* [DATA SHOWN]:
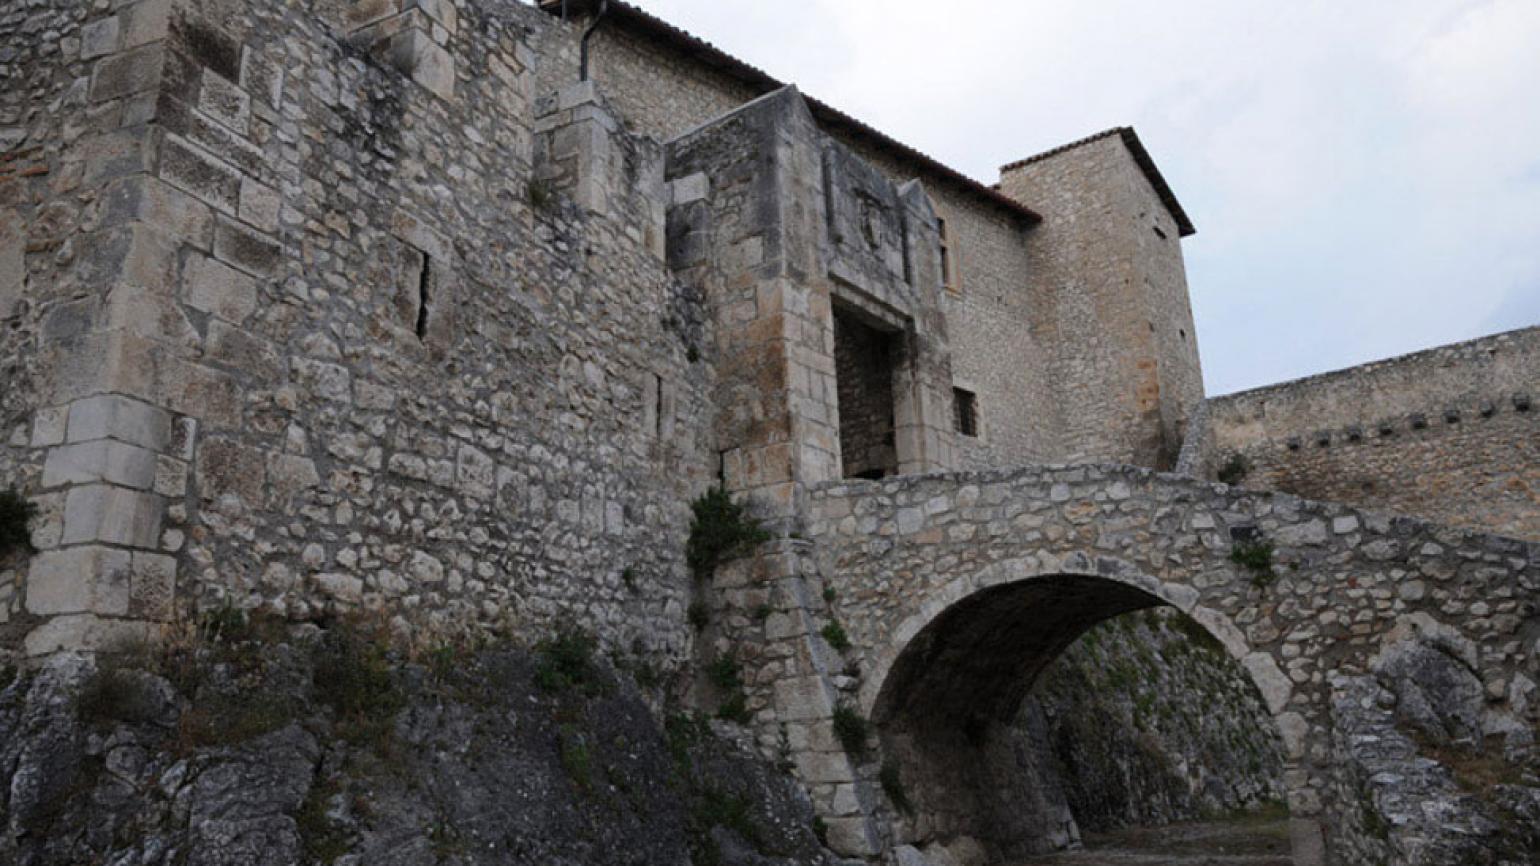 Capestrano (Aq), il Castello Piccolomini, veduta dell’ingresso al cortile
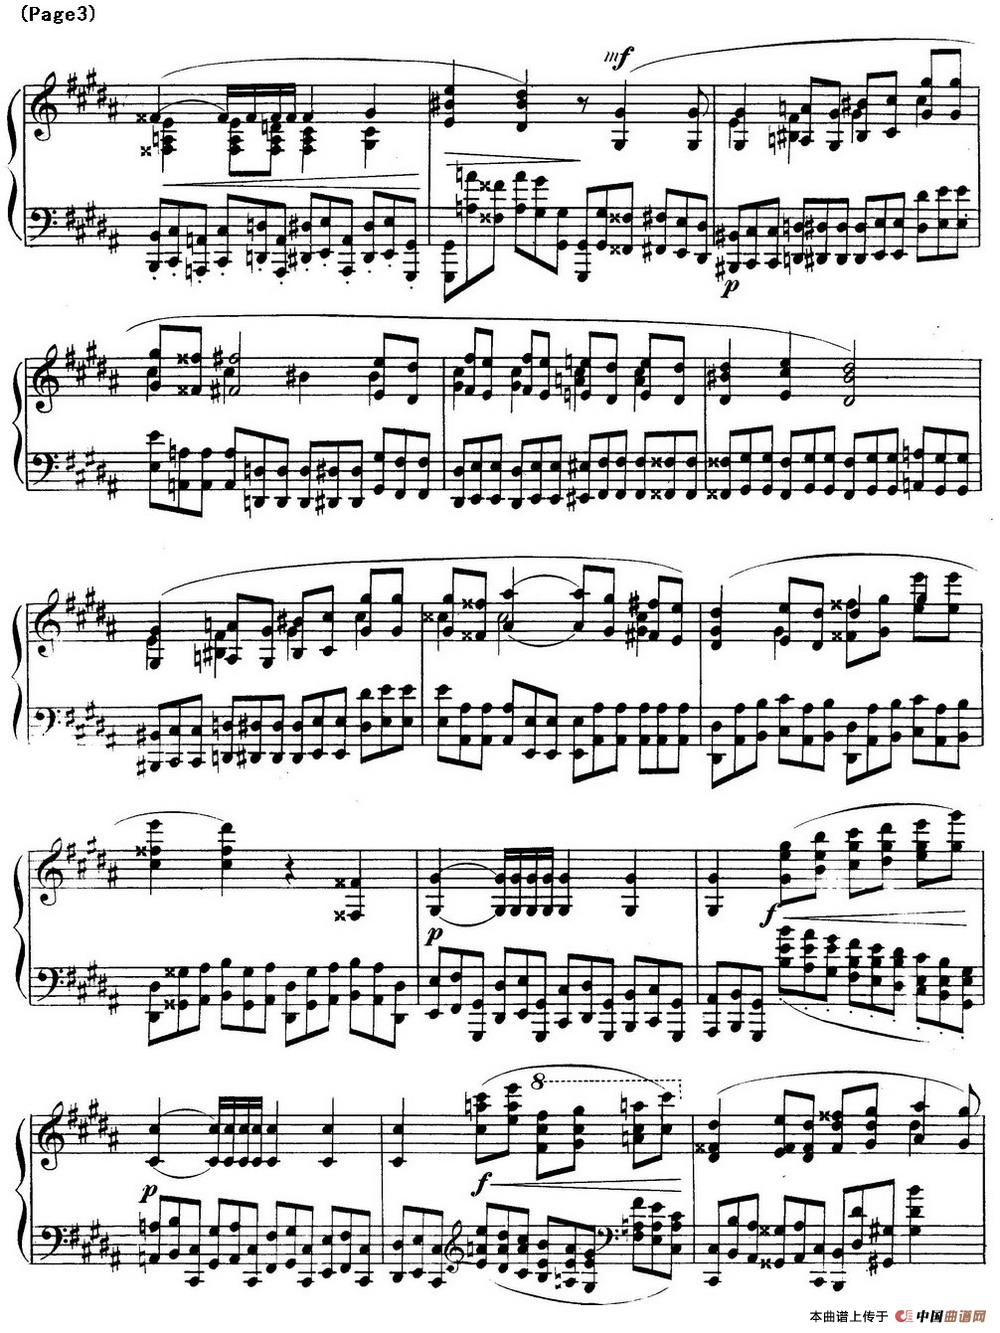 斯克里亚宾12首钢琴练习曲 Op8（No.9 Alexander Scriabin Etudes）(1)_Scriabin Etude Op.8 No.9_页面_3.jpg
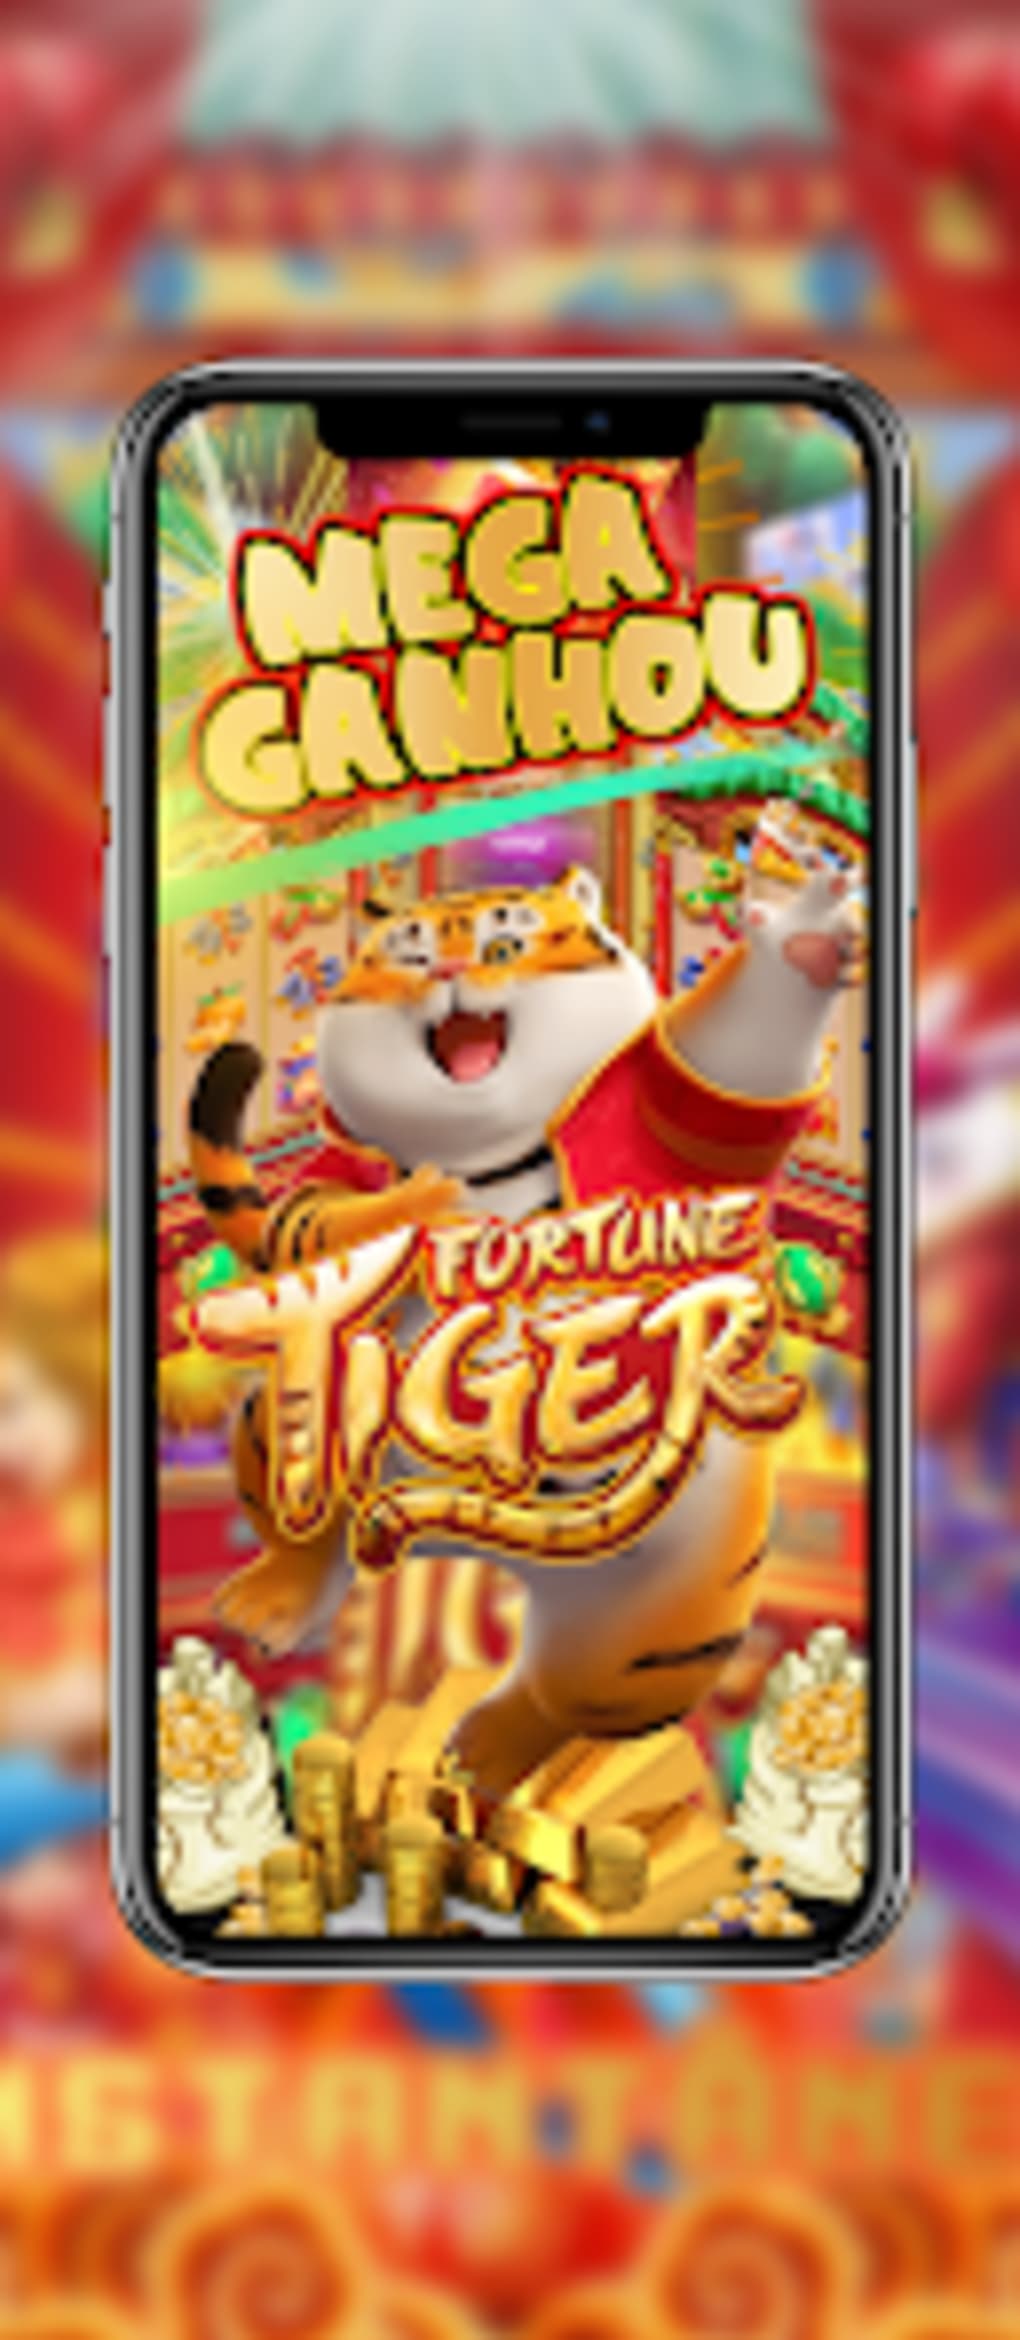 Onde jogar Fortune Tiger: os melhores cassinos - Tribo Gamer

* [TASK GOAL]: Return the lines exactly, from the one containing "斯克里亚宾12首钢琴练习曲 Op8（No.9 Alexander" through the last line above, including both ends and excluding every picture.

* [RESULT OF THIS EXERCISE]:
 斯克里亚宾12首钢琴练习曲 Op8（No.9 Alexander Scriabin Etudes）(1)_Scriabin Etude Op.8 No.9_页面_3.jpg
 Onde jogar Fortune Tiger: os melhores cassinos - Tribo Gamer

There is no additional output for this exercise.